What’s the best way to set employee spending limits for international SaaS tools using DogPay?
The problem: employee SaaS spend is hard to control globally When employees can sign up for tools anytime (design, dev, AI, analytics, productivity), spend creeps up fast—especially when vendors bill in different currencies and renew automatically.
Common team-finance headaches include: Shadow subscriptions: someone adds a tool for “one project” and it renews for months. Unclear ownership: nobody knows who created the account or which card is tied to it. Budget overruns: a single seat upgrade or add-on flips the bill from small to significant. Messy reconciliation: one card is charged by dozens of merchants, making it hard to map expenses to teams and projects.
Why card and subscription issues happen on global tools Even when you want to centralize spend, global SaaS billing can be unreliable or difficult to manage because:
1) Recurring billing requires a stable, approved payment method Many platforms re-check authorization on renewals. If your internal card is rotated, frozen, or replaced, renewals can fail—or employees switch to personal cards to “fix it.”

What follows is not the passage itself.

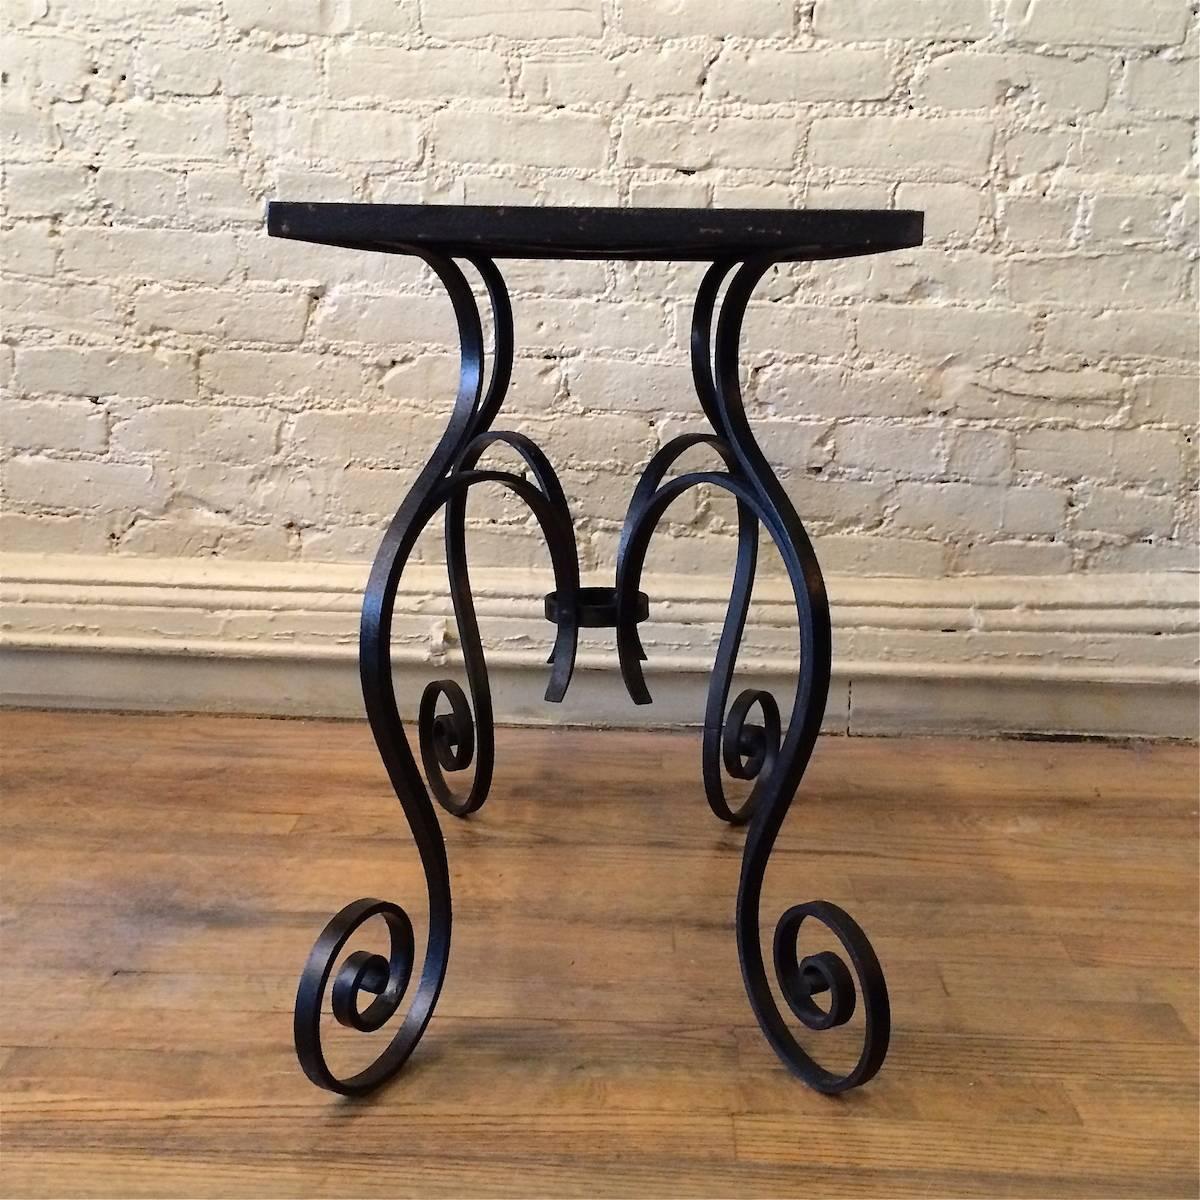 Mid-20th Century Hollywood Regency Scrolled Wrought Iron and Black Vitrolite Side Table

2) Merchant rules vary by country and platform Some merchants apply stricter checks for international cards and online subscriptions. That can cause declines at checkout or on renewal.
3) Limits and controls aren’t granular enough A single shared card can’t easily enforce “this employee can spend $30/month on Tool A but nothing else.” Without card-level controls, policy becomes manual.
4) Multiple tools hit the same card at once When dozens of subscriptions charge the same card, it’s harder to quickly spot anomalies (like duplicate seats, surprise add-ons, or price hikes).